Background: Rigid cervical deformity (CD) requires multilevel and/or high-grade osteotomies and long-construct fusions to achieve adequate correction. The incidence of mechanical complications (MCs) remains incompletely studied.
Objective: To define the incidence and risk factors for MC.
Methods: A retrospective review of consecutive patients with CD who underwent correction from 2010 to 2018 was performed. Inclusion criteria were cervical kyphosis >20° and/or cervical sagittal vertical axis (cSVA) >4 cm. MCs (junctional kyphosis/failure, pseudarthrosis, and implant failure) and reoperation at 1 and 2 yr were examined.

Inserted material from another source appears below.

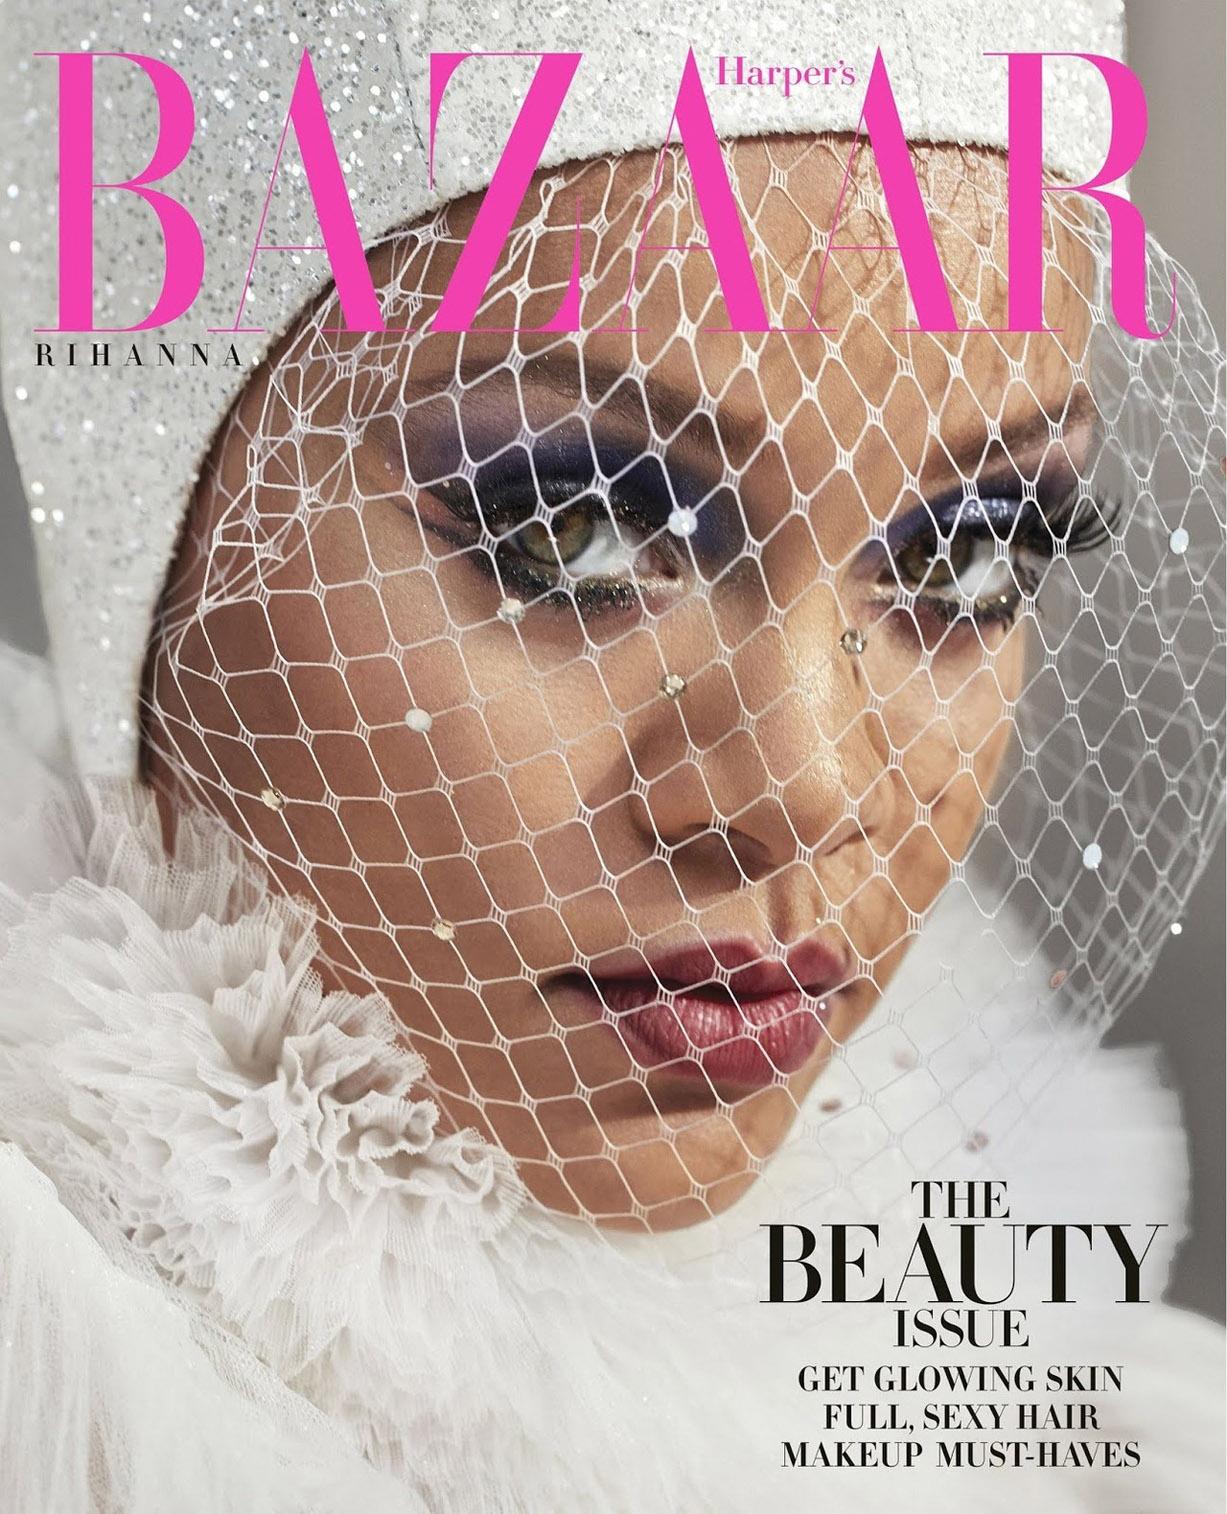 Rihanna by Dennis Leupold / Harpers Bazaar US may 2019
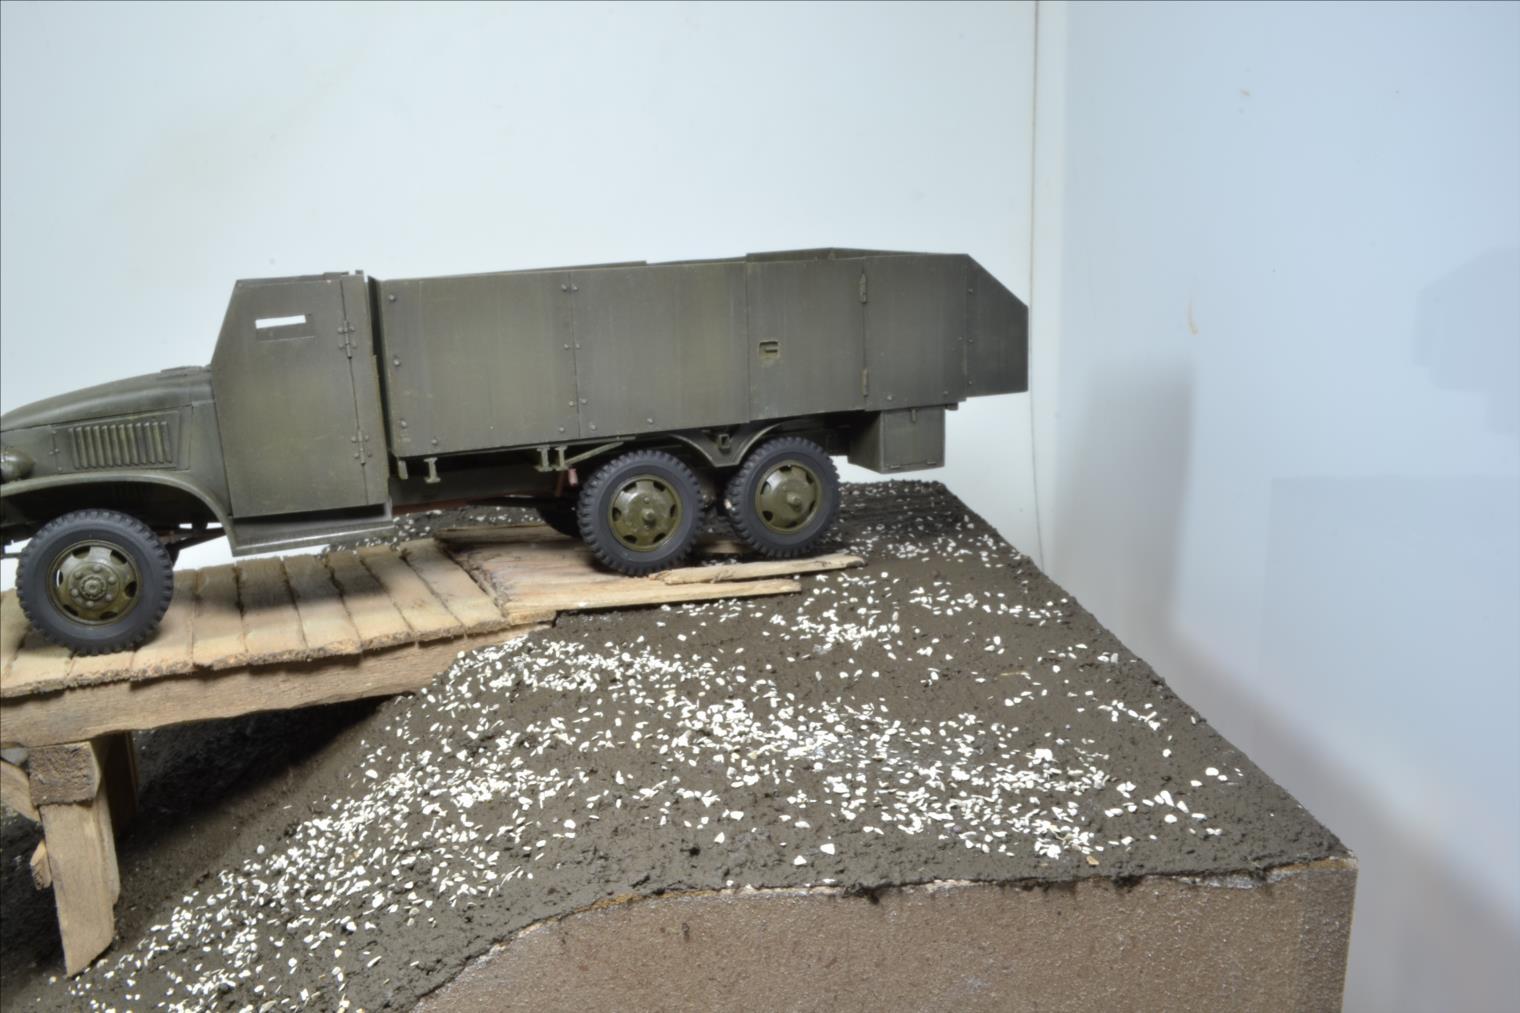 INDOCHINE GMC Bofors (Hobby Boss) 1/35 - Page 3 19122406305622494216571061

Results: Eighty-three patients were included. The mean age was 63.4 yr, and 61.0% were female. Fifty-three percent underwent 3-column osteotomies. After surgery, cervical parameters were significantly improved: cSVA (6.2 vs 3.8 cm, P < .001), cervical lordosis (6.3 vs -8.3°, P < .001), cervical scoliosis (CS) (6.5 vs 2.2°, P < .001), and T1 slope (41.7 vs 36.3°, P = .007). The MC rate was 28.9%: junctional (18.1%), implant (16.9%), and pseudarthrosis (10.8%). MC rates at 1 and 2 yr were 14.5% and 25.5%, respectively: junctional (9.6% and 17.6%), implant (9.6% and 17.6%), and pseudarthrosis (2.4% and 7.8%). The overall reoperation rate was 24.1%: 14.5% at 1 yr and 19.6% at 2 yr. Body mass index (BMI) (P = .015) and preoperative CS (P = .040) were independently associated with higher odds of MC. Receiver operating characteristic curves defined CS >5° to be the threshold of risk for MCs and reoperation.
Conclusion: Correction of CD is effective by posterior-based osteotomes, but MCs are relatively high at 1 and 2 yr. BMI >30 and preoperative CS >5° predispose patients for MC and reoperation.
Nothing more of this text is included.